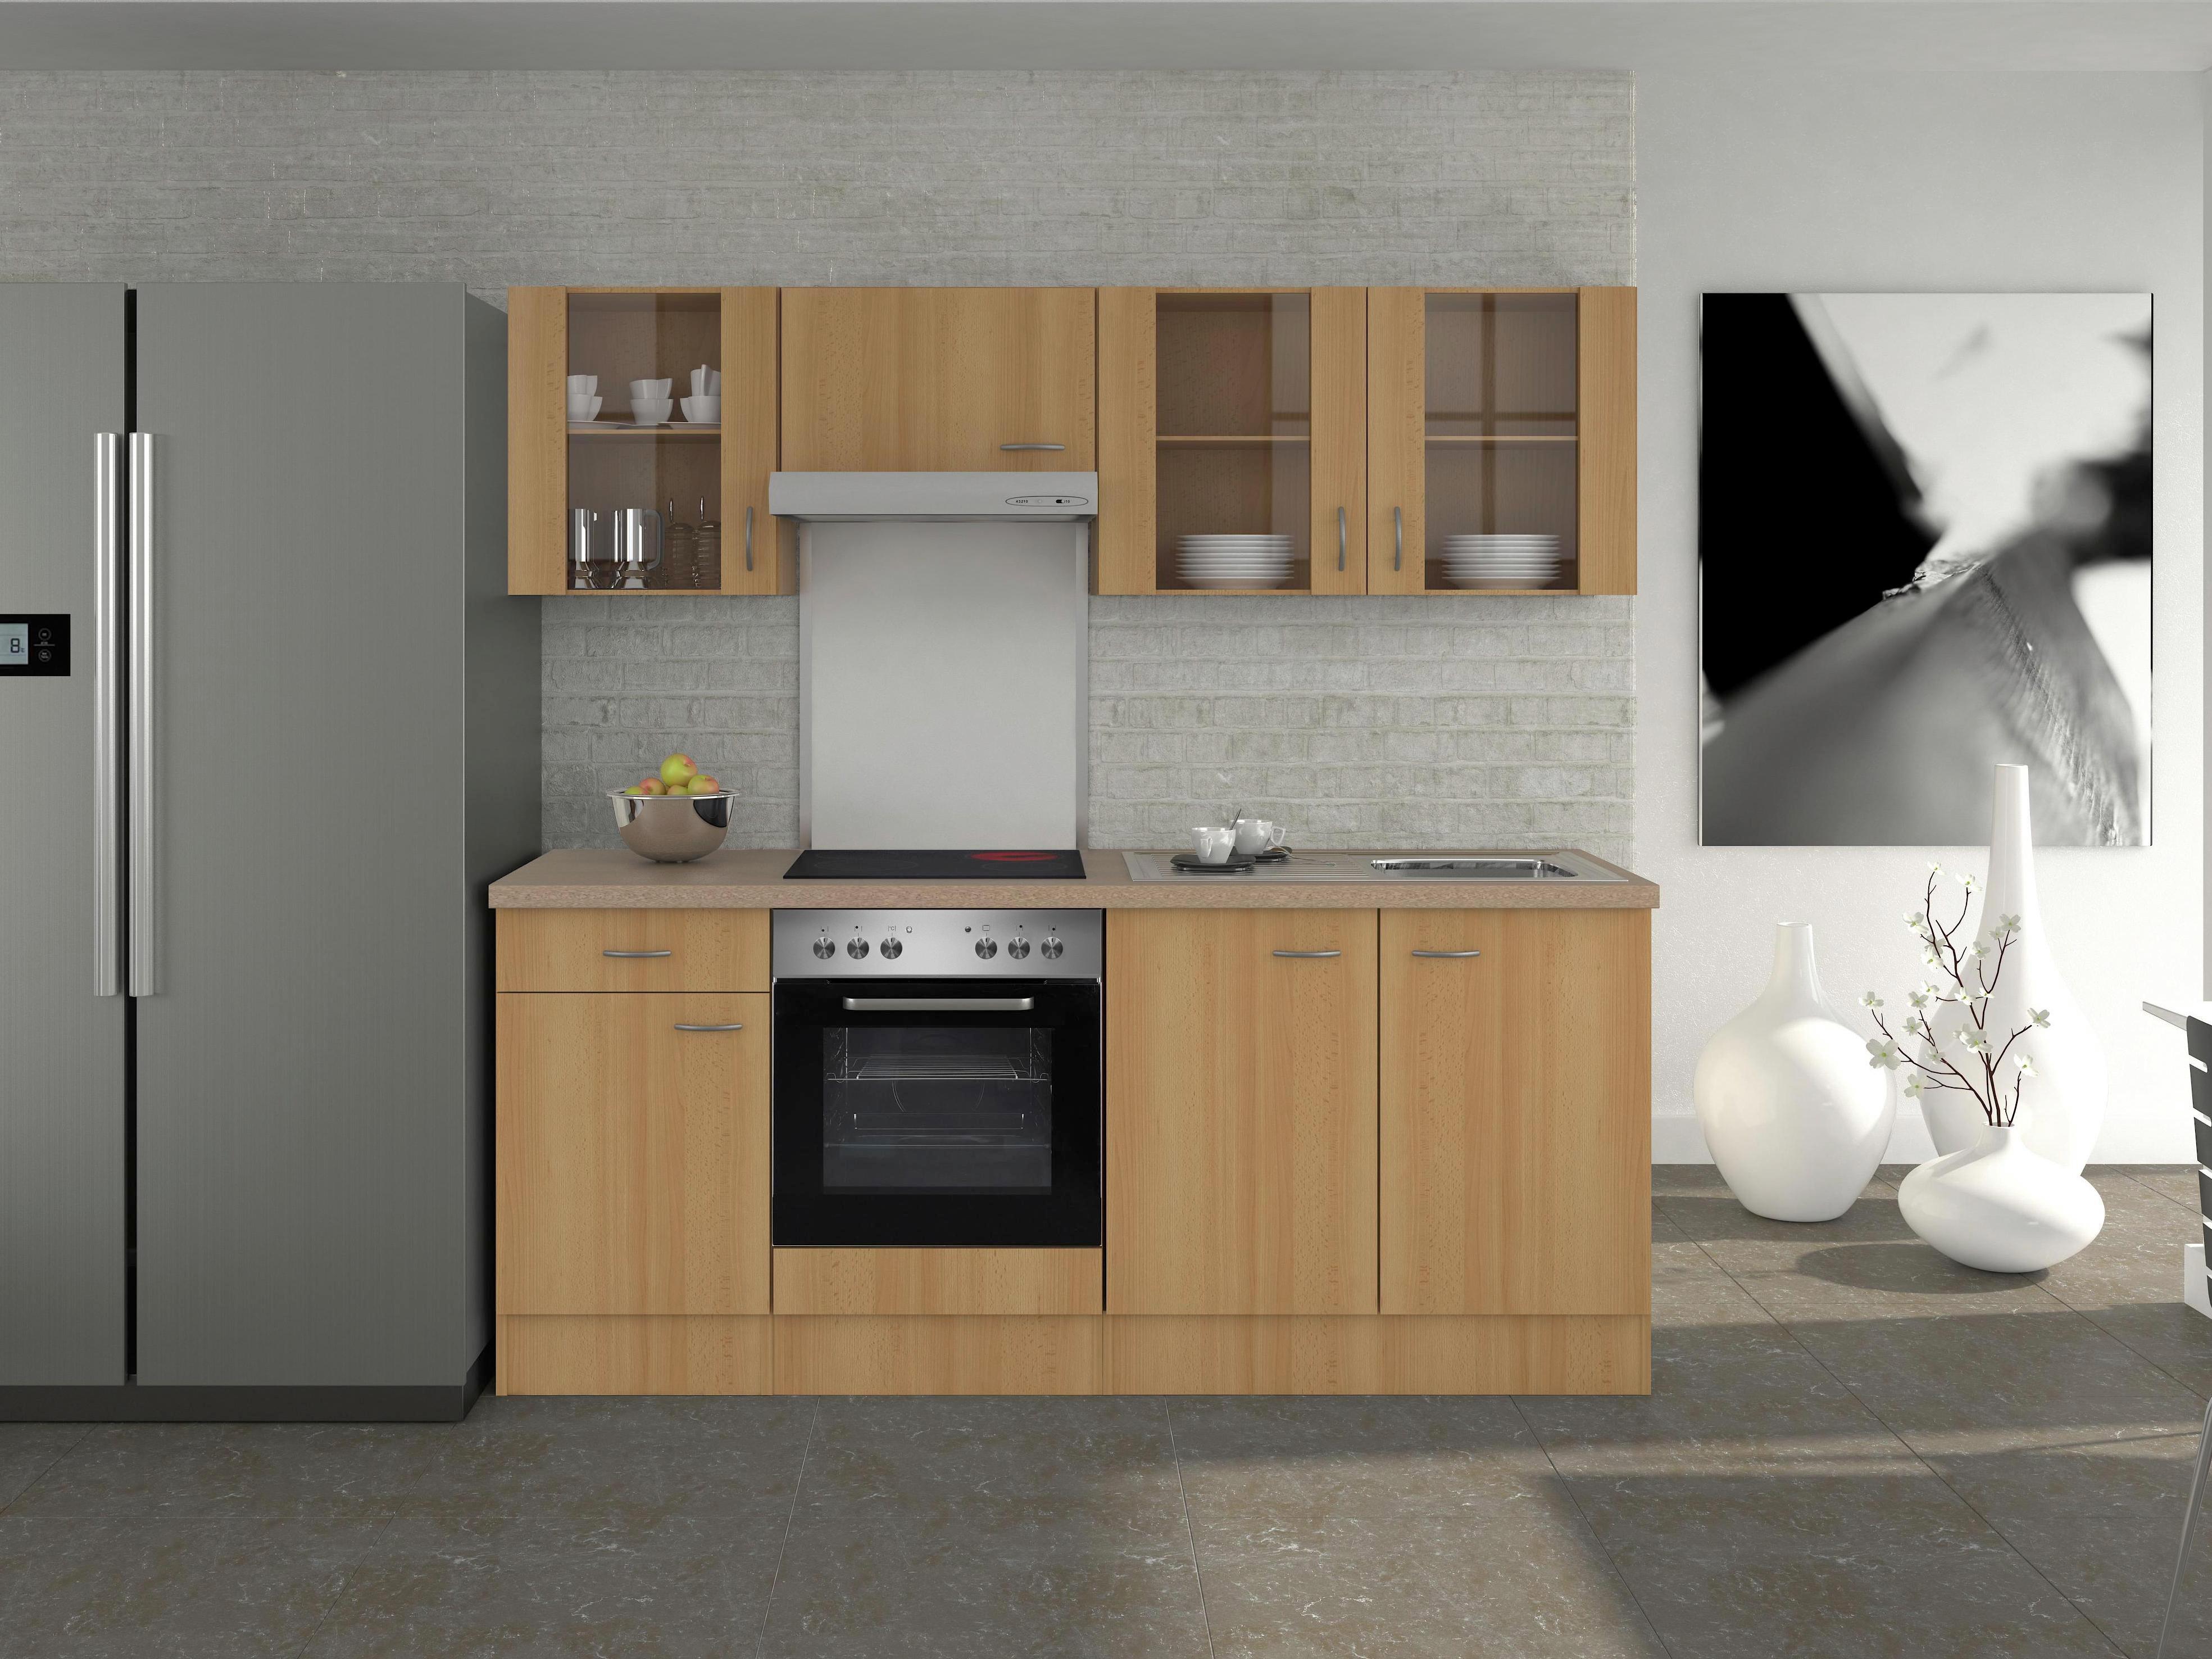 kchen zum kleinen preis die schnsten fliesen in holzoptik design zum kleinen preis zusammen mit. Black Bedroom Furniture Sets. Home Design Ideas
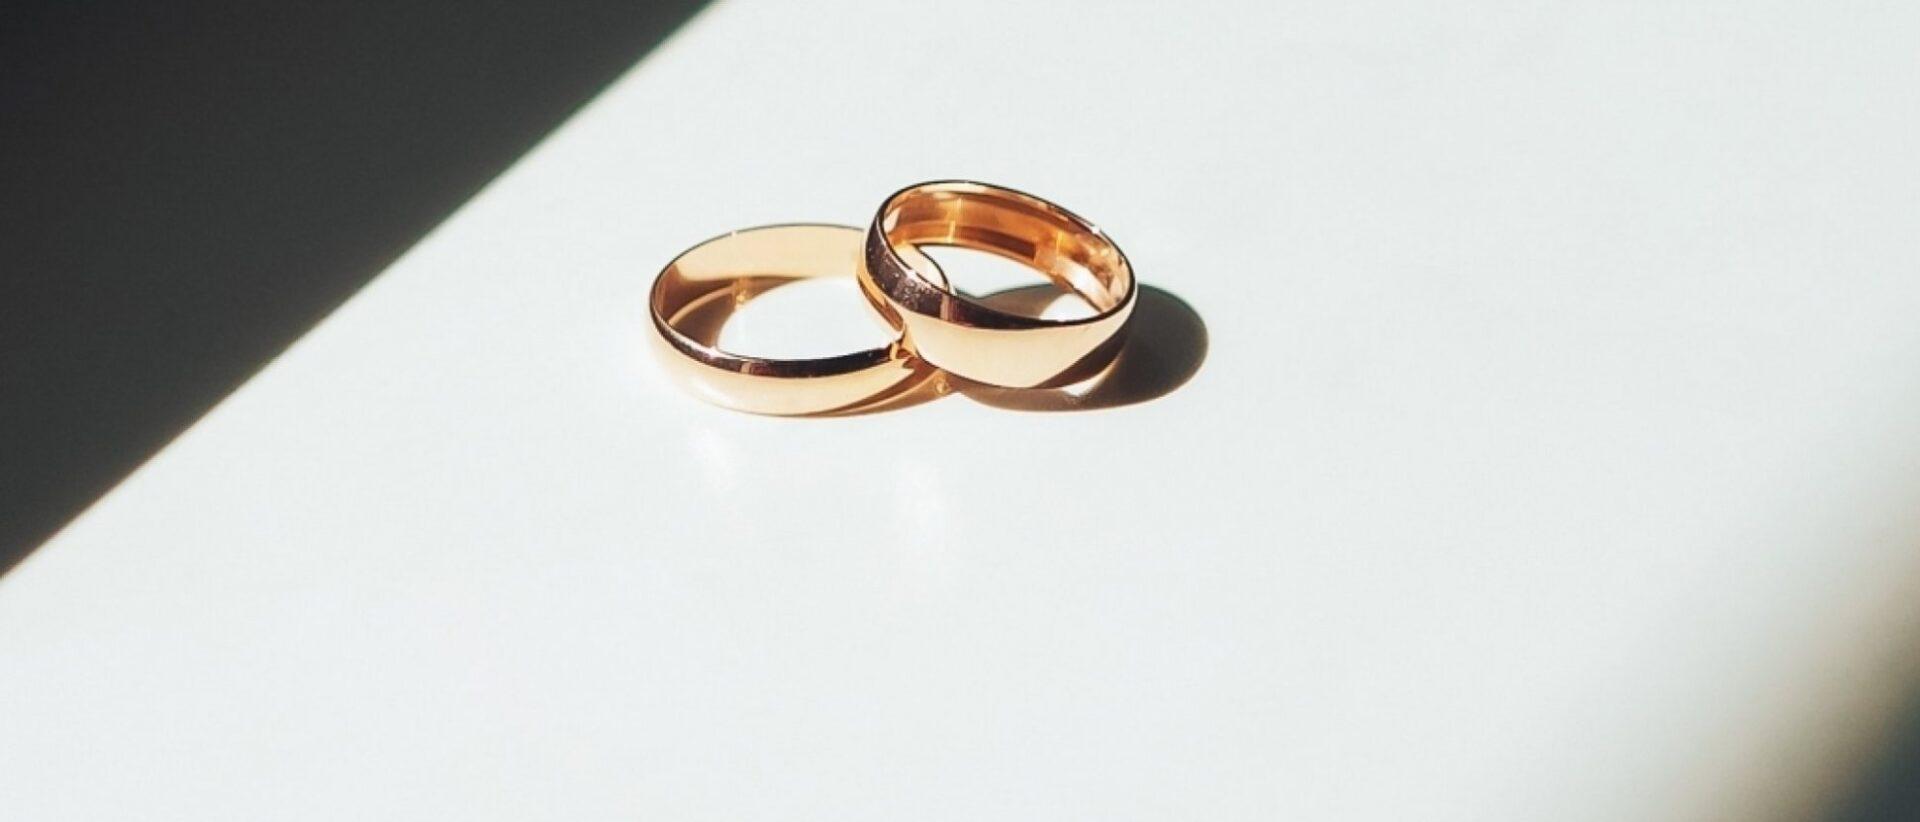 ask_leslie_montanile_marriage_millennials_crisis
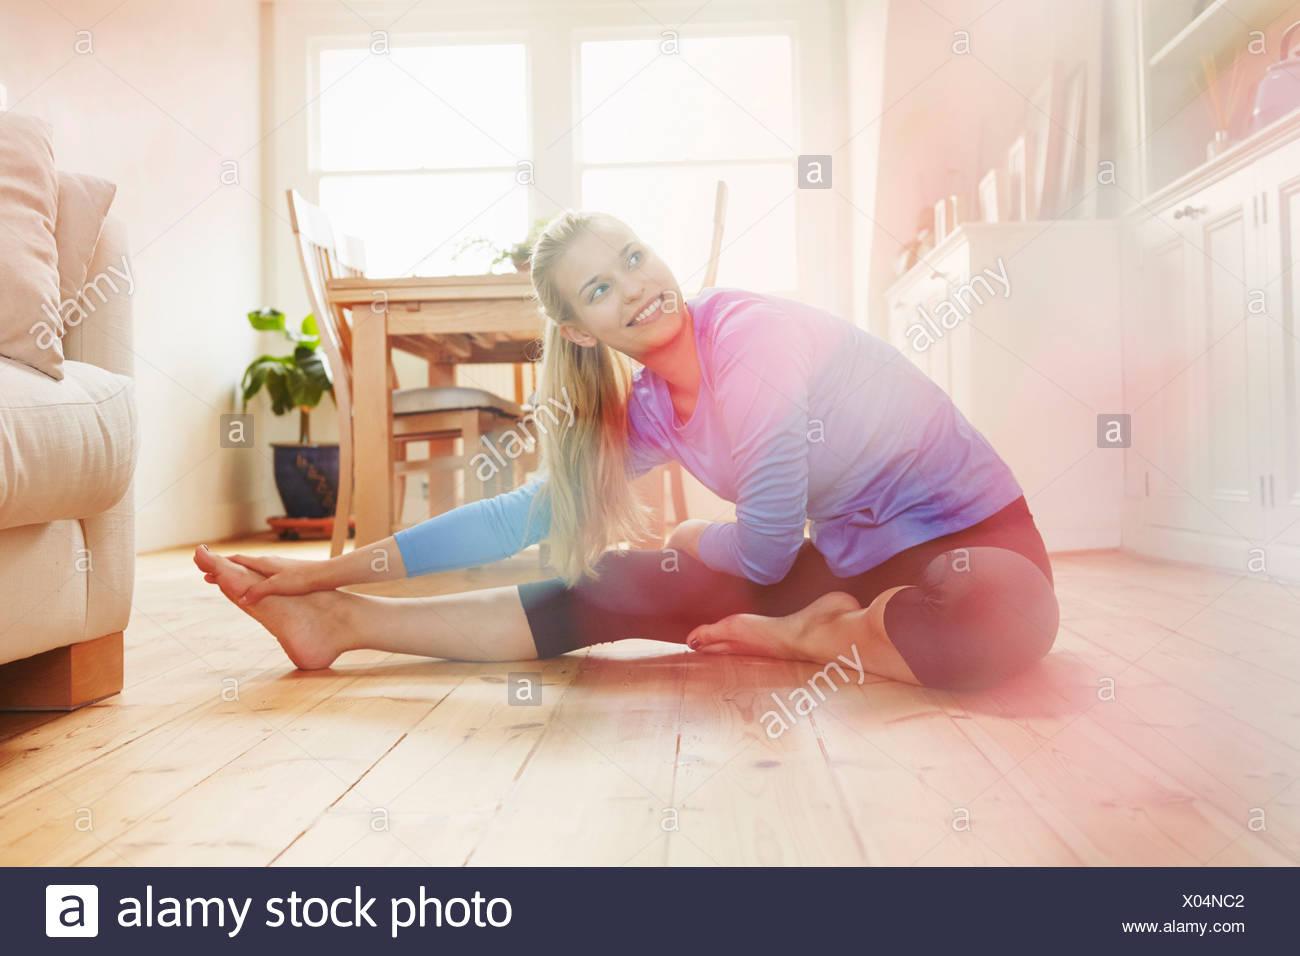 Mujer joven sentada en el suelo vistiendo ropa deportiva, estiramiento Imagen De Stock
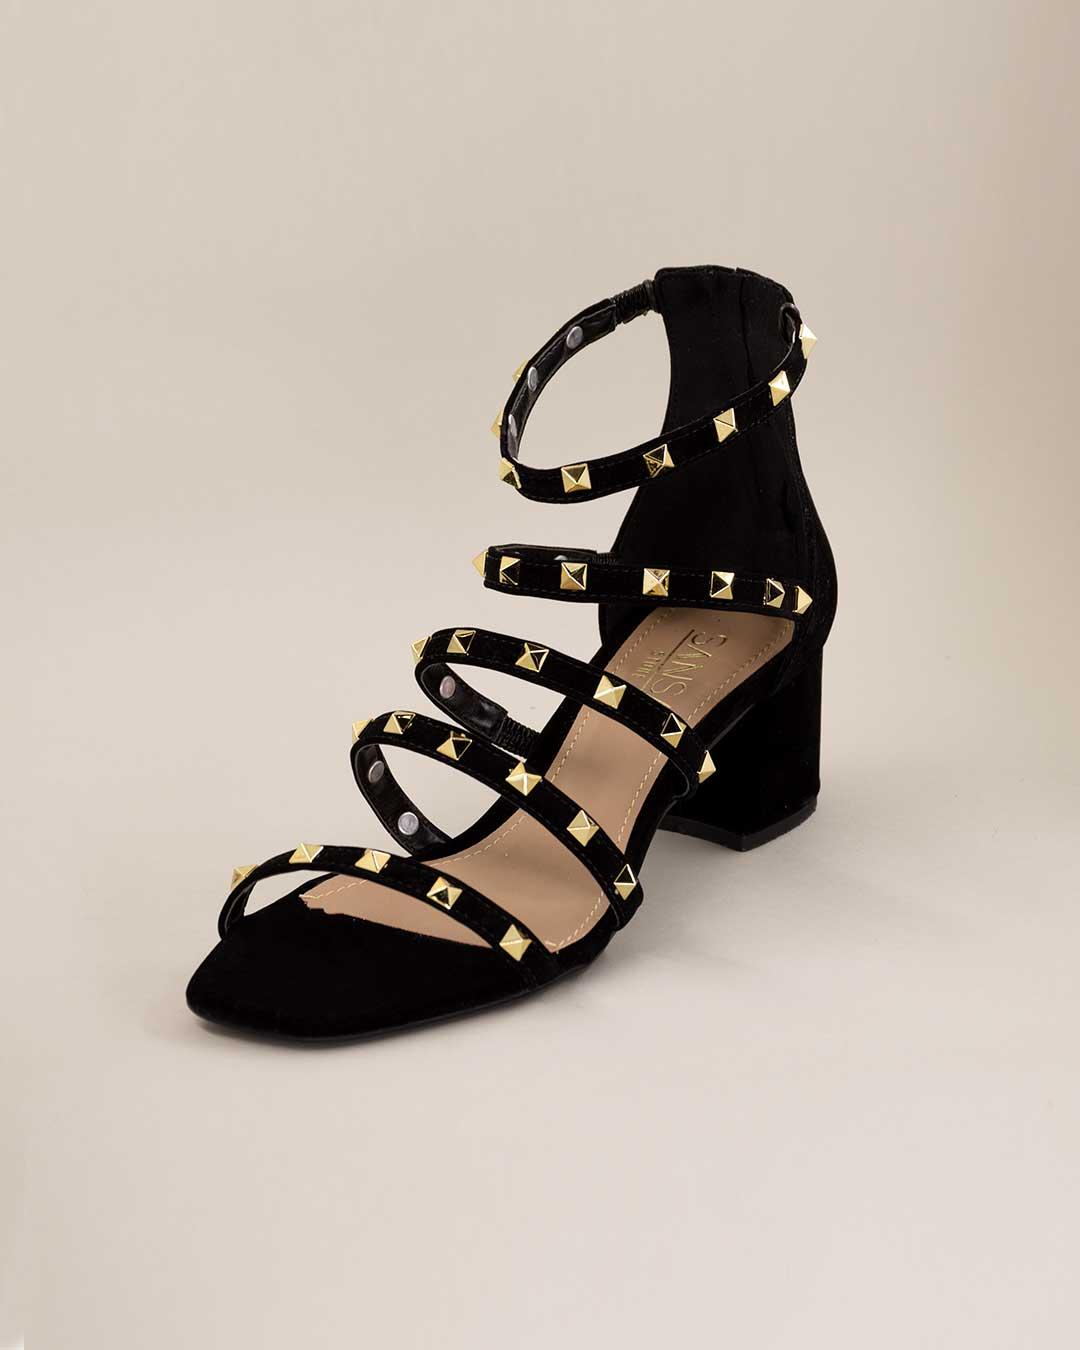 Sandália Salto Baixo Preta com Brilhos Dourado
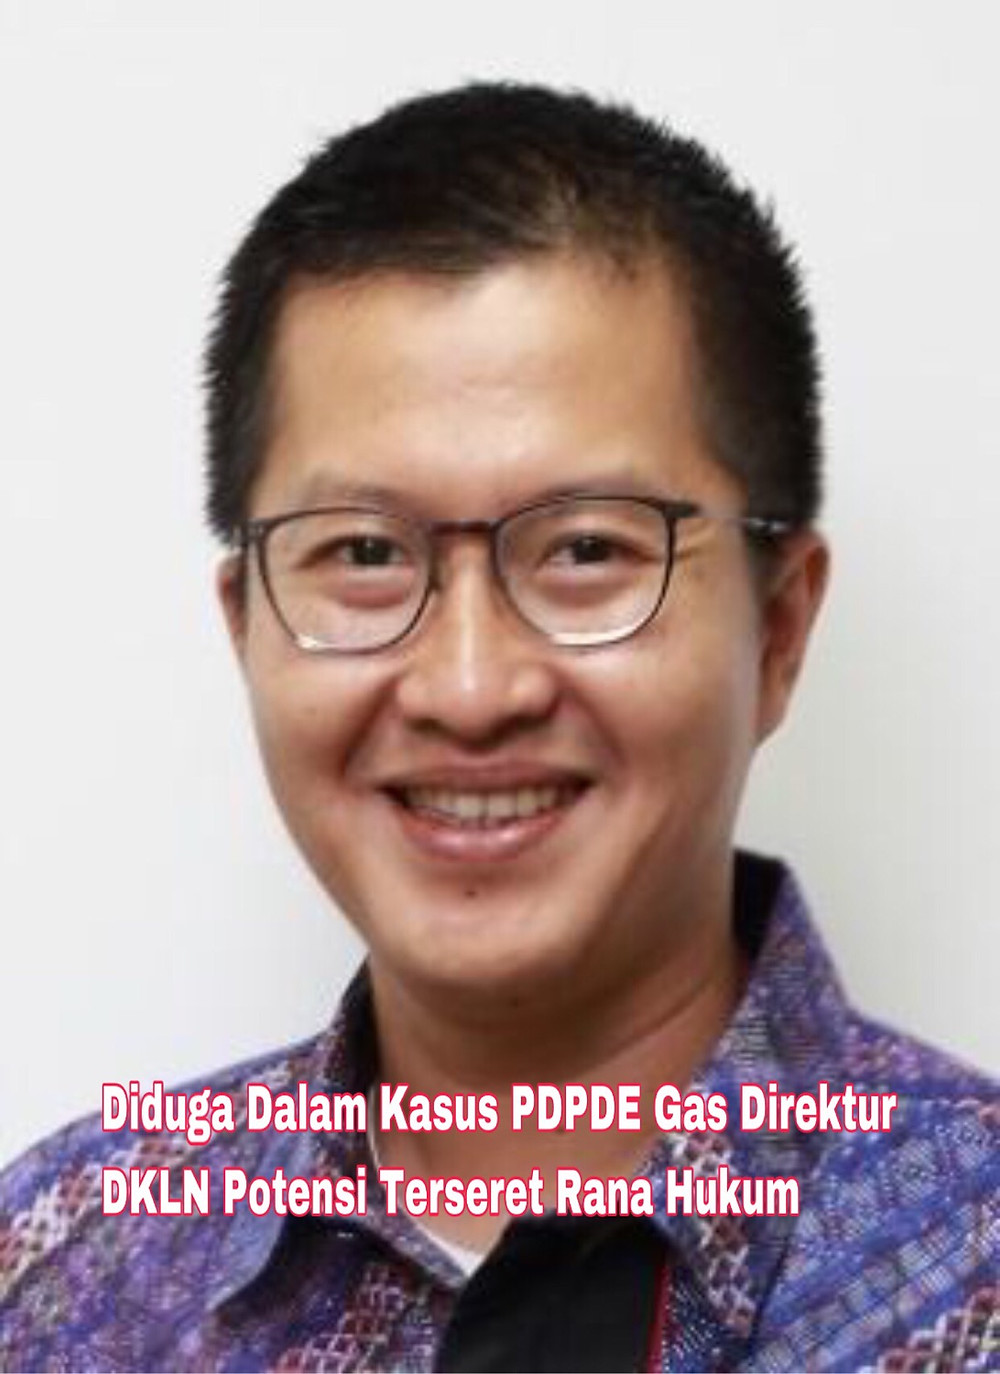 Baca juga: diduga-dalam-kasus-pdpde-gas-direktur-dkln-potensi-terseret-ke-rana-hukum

# WORK TASK:
If an entry holds a picture, skip the picture and print the rest of the data exactly.

# TASK ANSWER:
 kchen zum kleinen preis die schnsten fliesen in holzoptik design zum kleinen preis zusammen mit. Black Bedroom Furniture Sets. Home Design Ideas
 ask_leslie_montanile_marriage_millennials_crisis
 Mujer joven sentada en el suelo vistiendo ropa deportiva, estiramiento Imagen De Stock
 Sandália Salto Baixo Preta com Brilhos Dourado
 Baca juga: diduga-dalam-kasus-pdpde-gas-direktur-dkln-potensi-terseret-ke-rana-hukum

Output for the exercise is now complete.